At this time we are in the process of applying for an NEH grant to turn our information and thought processes into a real standard for archaeology. We have proposed the Flowerdew Hundred collection as our testbed, along with the Robert L. Van Nice Collection of artifacts relating to Hagia Sophia, which is held by Dumbarton Oaks Research Library of Harvard University, in Washington, DC. Our hope is that we can develop a resource description framework for archaeology that will allow linked data to be prepared for this type of material, so we can truly share what we know. Even if the grant does not materialize, we intend to keep that goal in mind as we move forward.
The cloud-based nature of Shared Shelf has already been helpful in interesting ways. The ART-VRC in the Art Department at UVA, our main local Shared Shelf partner, has experimented with a Shared Shelf project for a graduate student in Art History, who is collecting study images for her dissertation. This will allow her to pursue her fieldwork in Italy, reference copies of her images, and add metadata relevant to her research without having to store the images and data on a computer that might be damaged or stolen in the field. When her dissertation is complete, she will be given an export of her data to add to her file of stored images and the project will be taken down.
In a somewhat similar fashion, Lucie will be able to use Shared Shelf as she does fieldwork in Greece this June. She can upload images of the potsherds she is studying and add data that will be safely stored and be available to scholars at UVA and in other places in real time, as well as to her when she returns.

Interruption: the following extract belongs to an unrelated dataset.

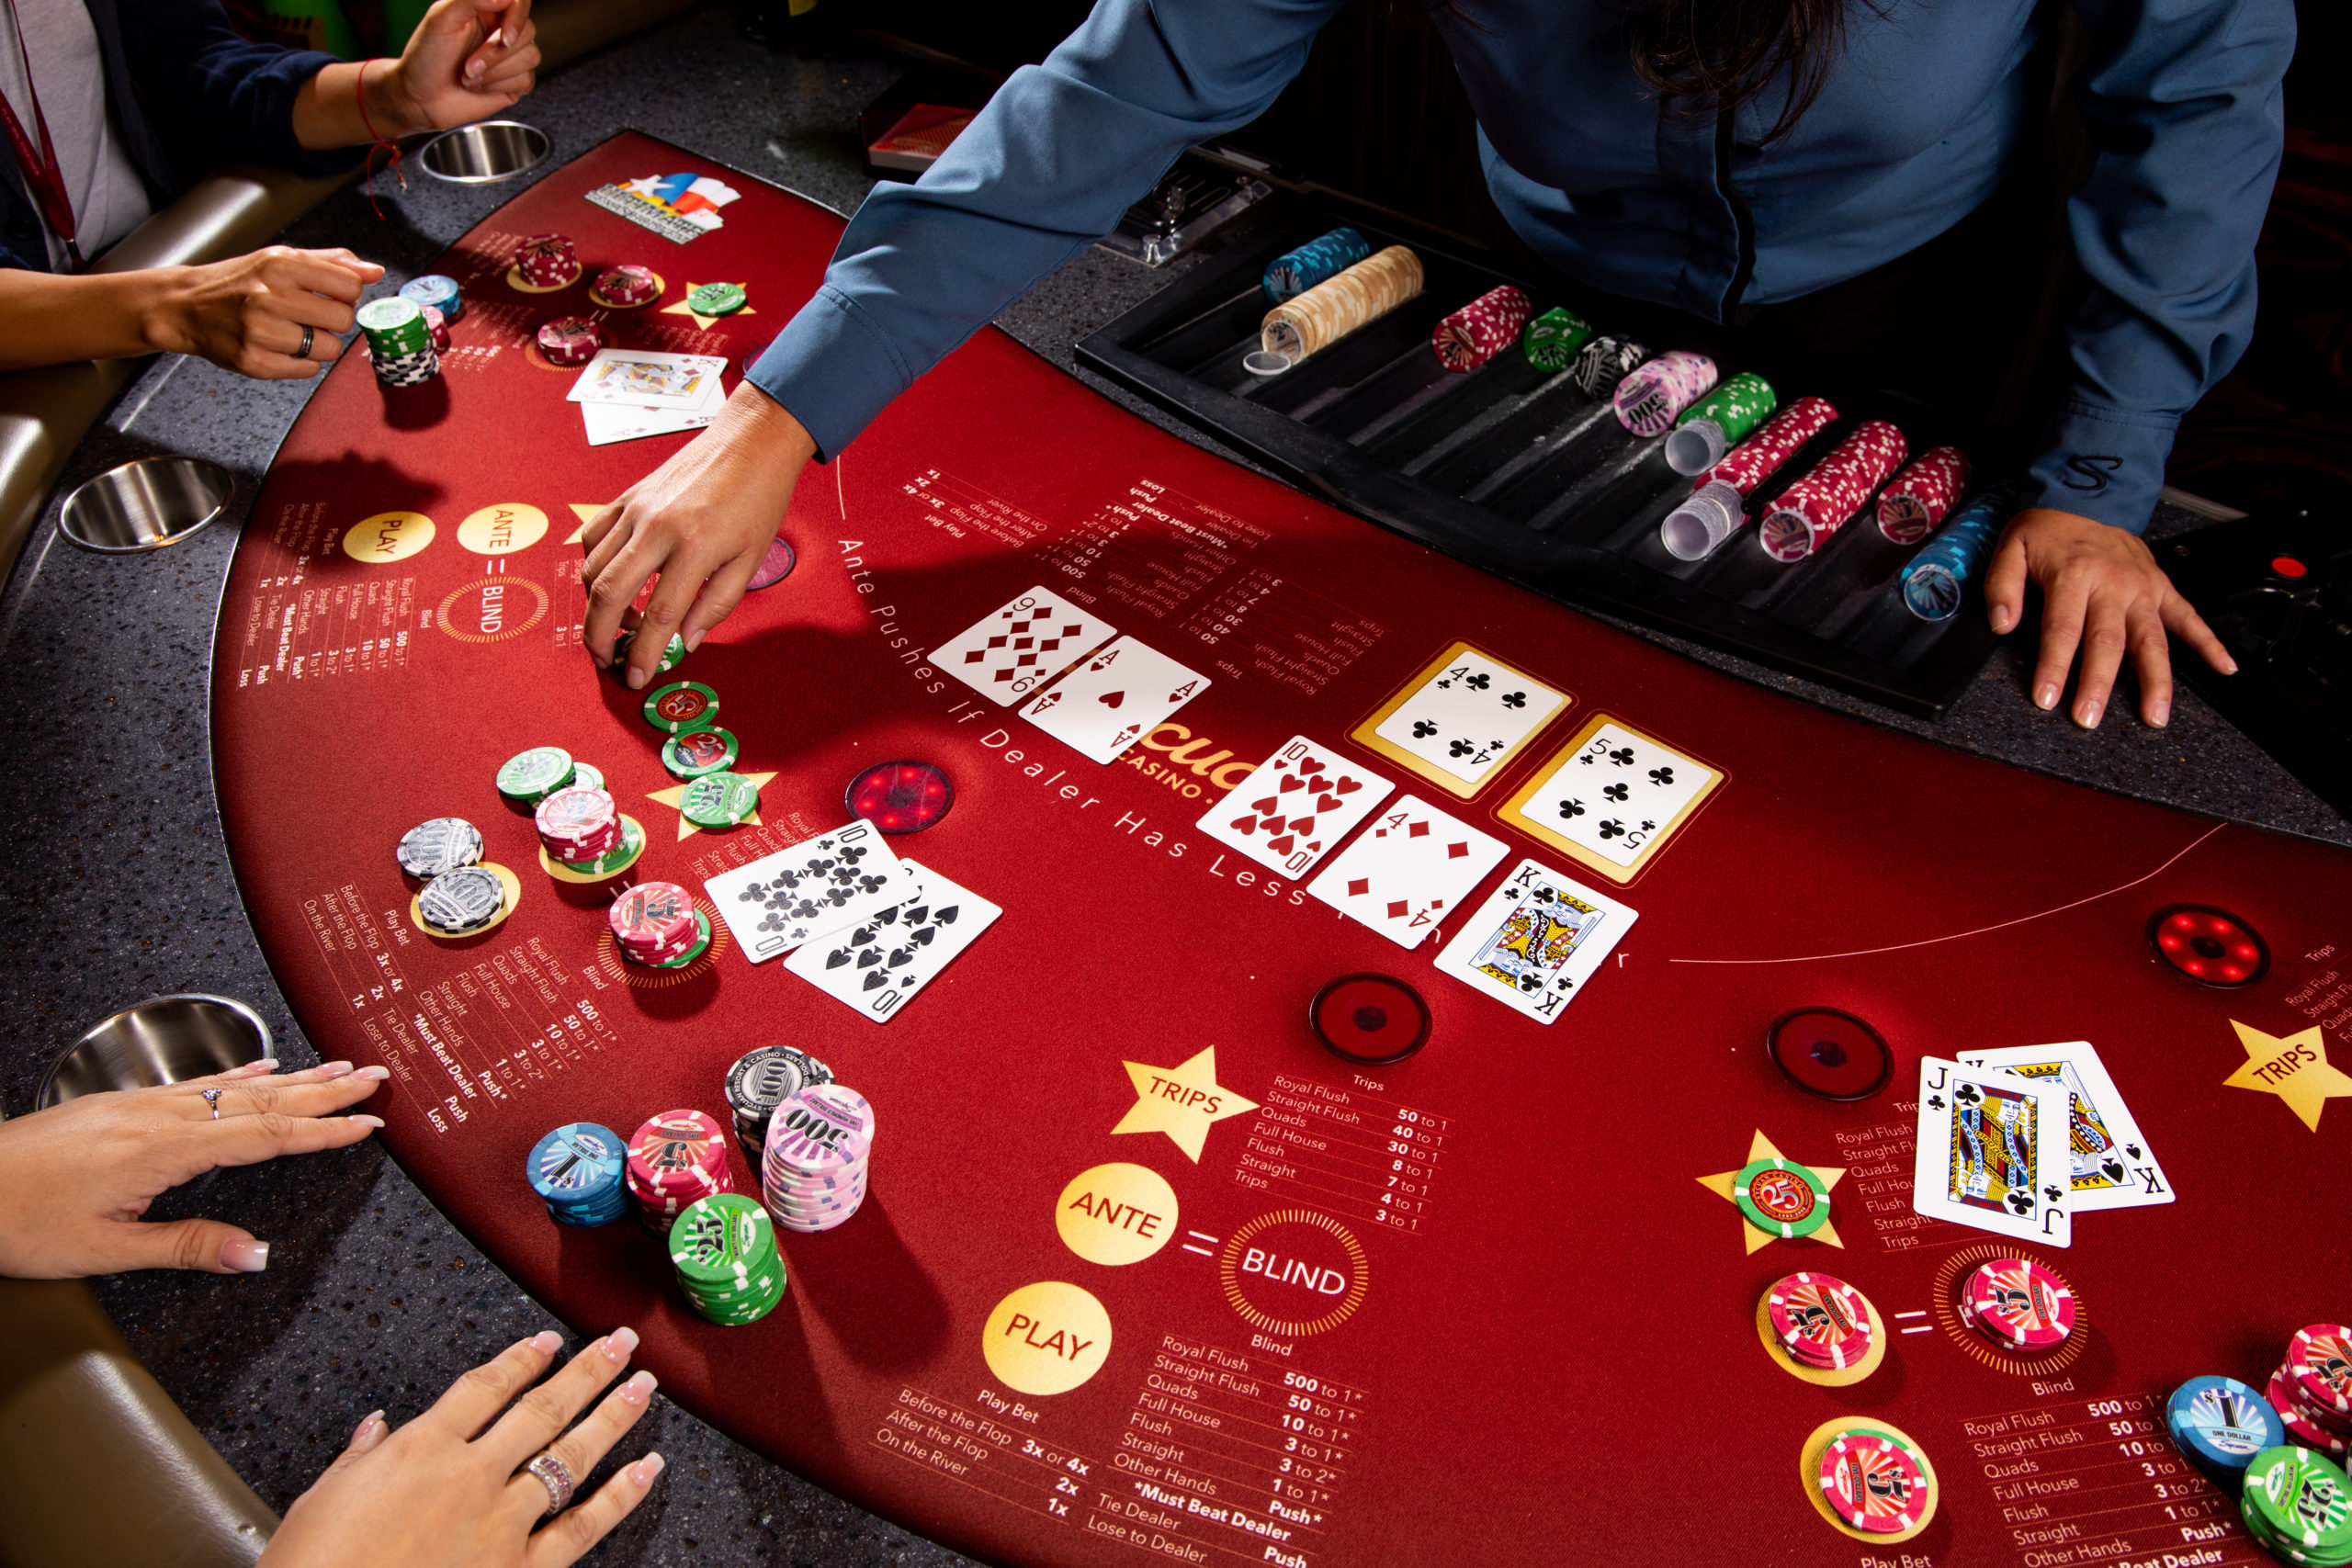 What is a Poker game, and how do you play it

We hope to use Shared Shelf as a platform for sharing not only the inputting of data on a local level, but eventually to share data as it is added with other institutions as well as among ourselves. We have had discussions with ARTstor about how this might be accomplished with regard to an Anthropology project that we are implementing with the University of California at San Diego. The UVa faculty member whose material it is will perform most of the metadata creation. Experts from UCSD will also add their expertise to the data stream, so that when the project is finished the material can be added to UCSD’s Melanesian Archive. The faculty member is also interested in pursuing means of allowing the subjects of her study in Melanesia to view the images of themselves through the site.

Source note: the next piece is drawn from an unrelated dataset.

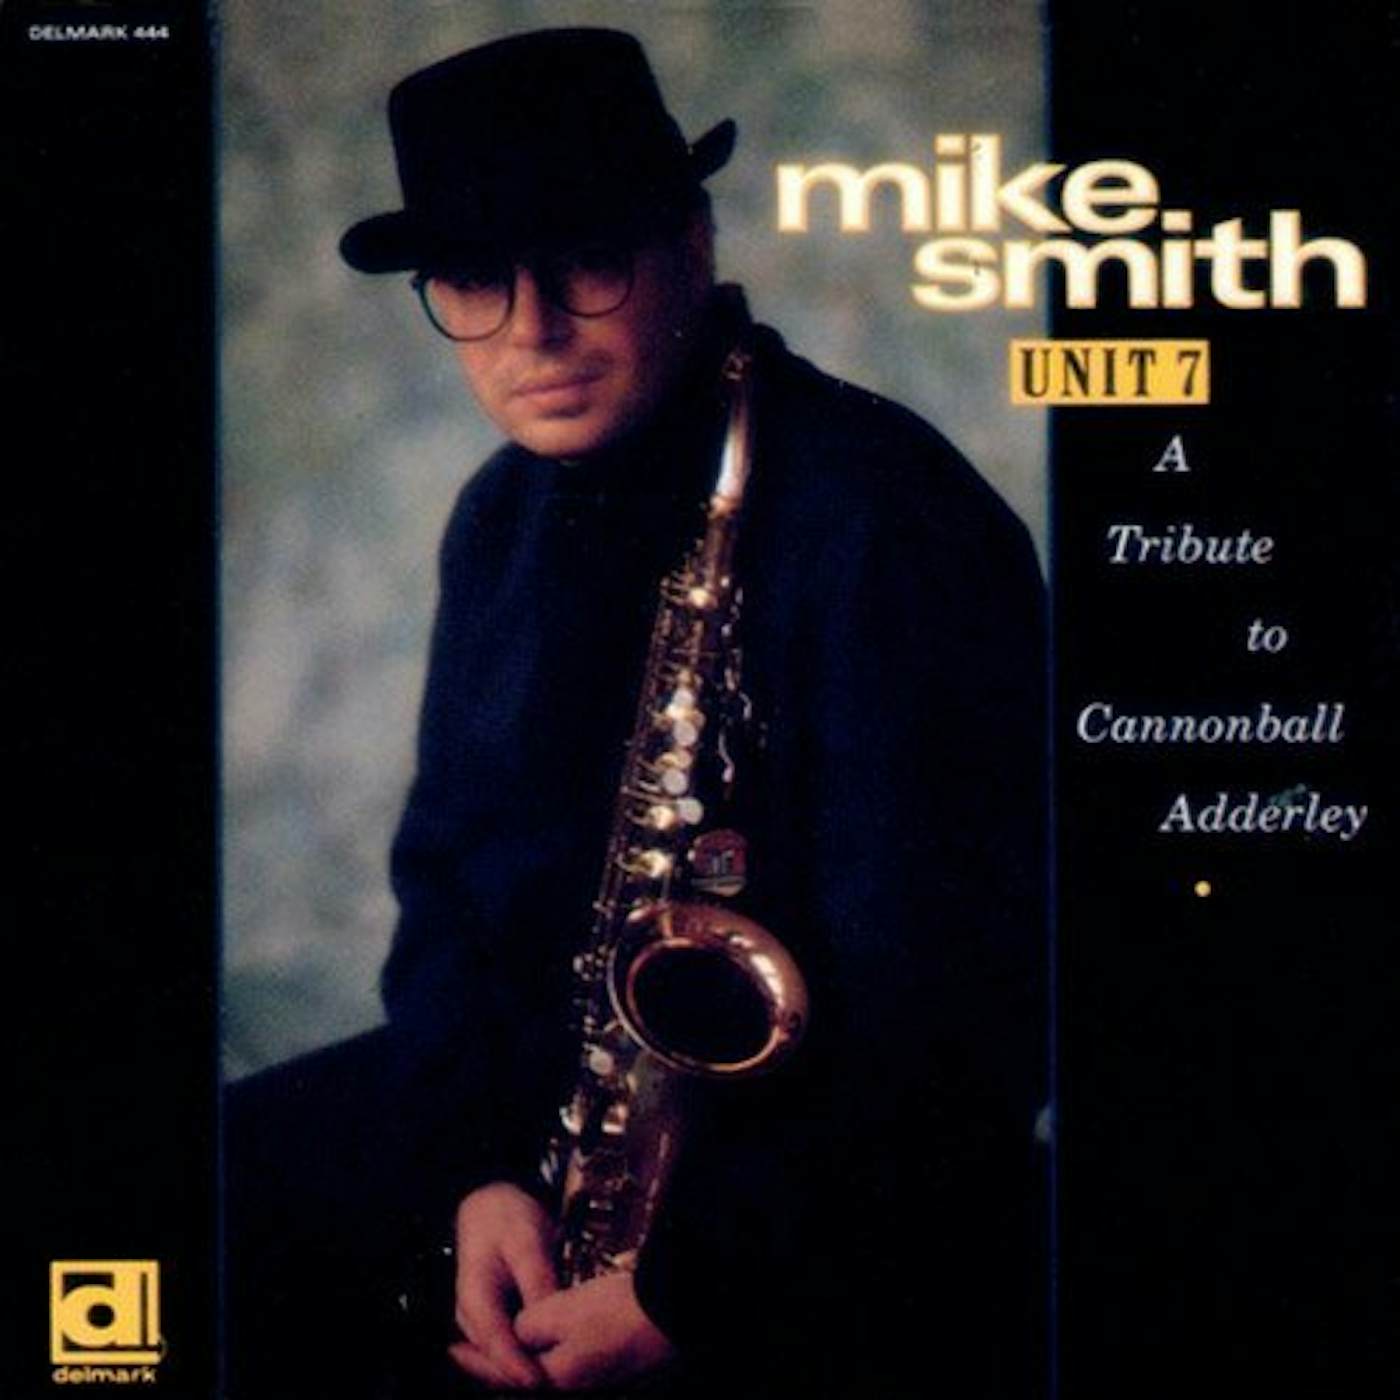 Mike Smith UNIT 7 CD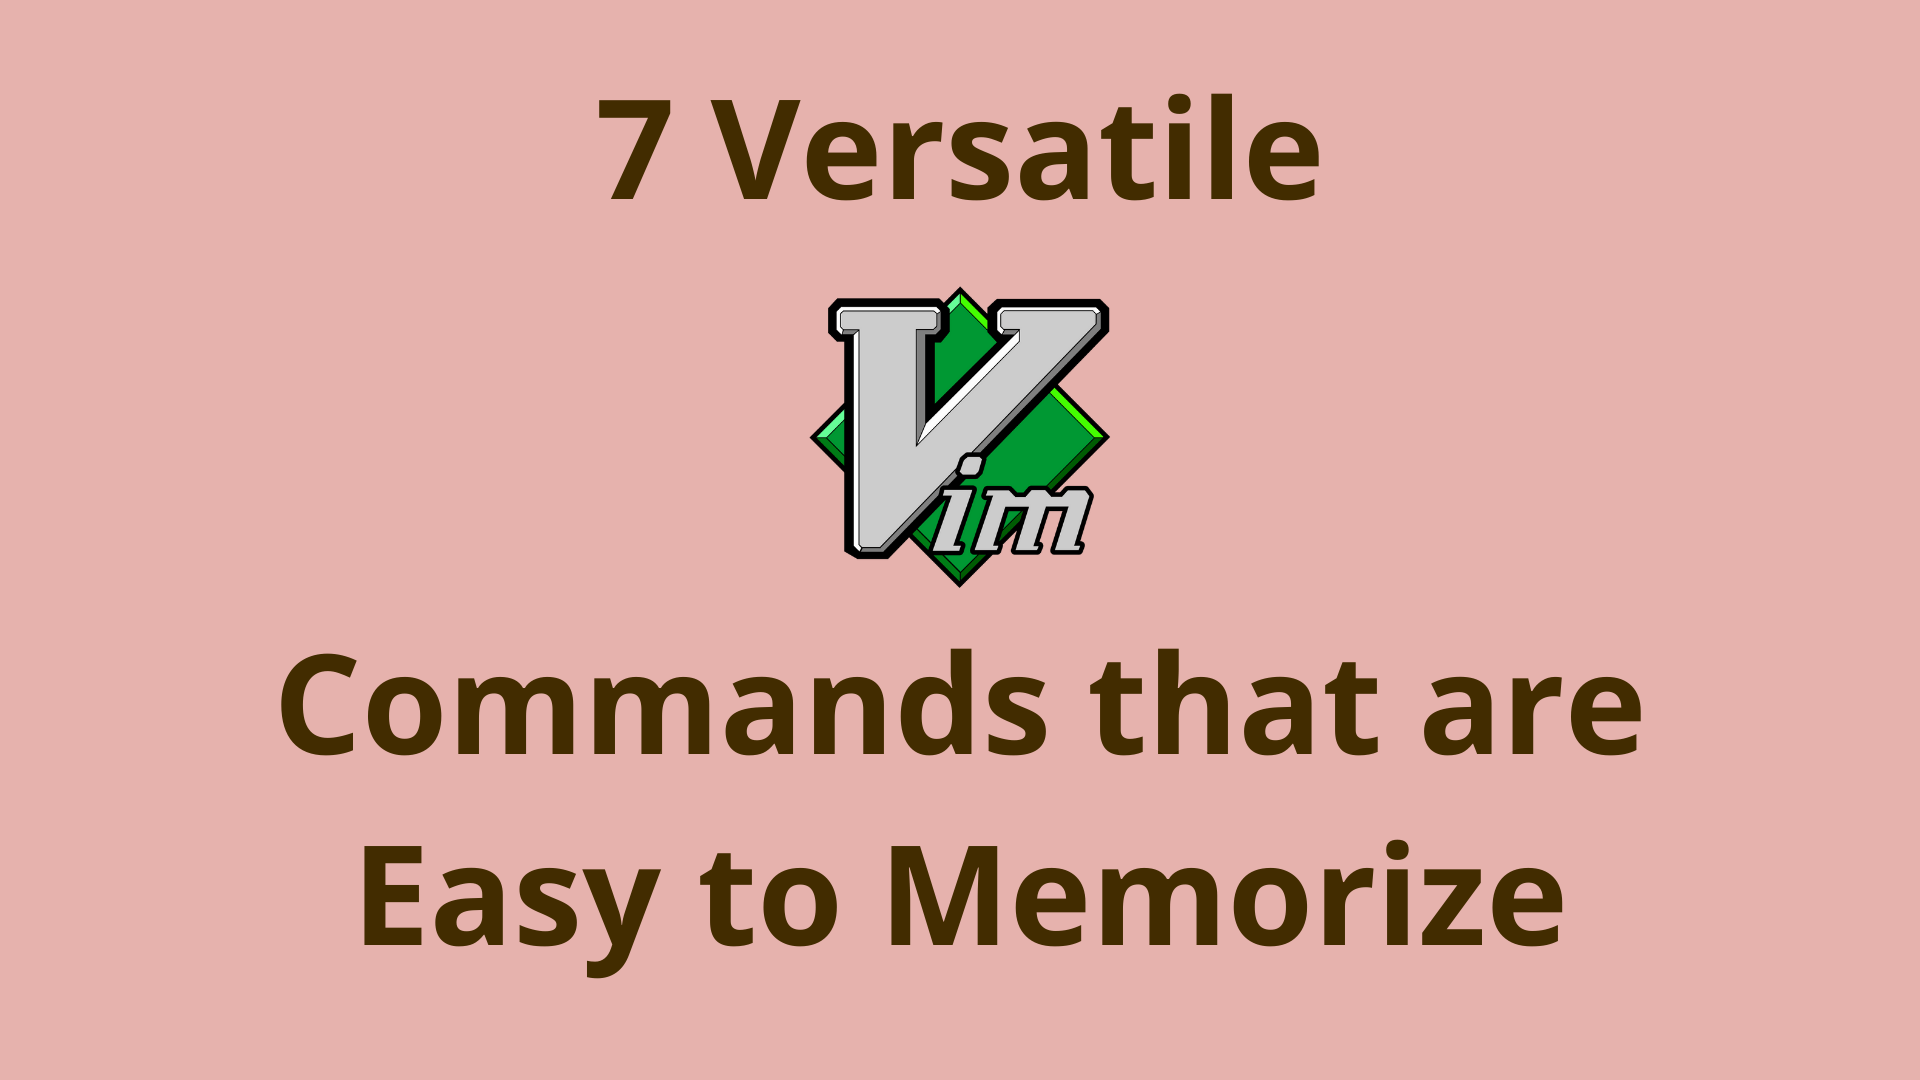 Image of 7 versatile Vim commands that are easy to memorize

In addition, we are investigating ways of extracting the information and images added to Shared Shelf by means of scripting so that the owners as well as other users can use it to create other paths to these riches, through Omeka, Drupal, or Wordpress. Once images and data have been added to one database accessible from the cloud through the web, it should be possible to recombine this material in many exciting ways.
This concept of many different people in many different places contributing to the data about images is, we believe, the most exciting aspect of the Shared Shelf model. My personal expertise is in American architectural history, so I look forward to the prospect of having input from image specialists in other areas. Contributions can be made not only from across a single university but from across the country, or across the world.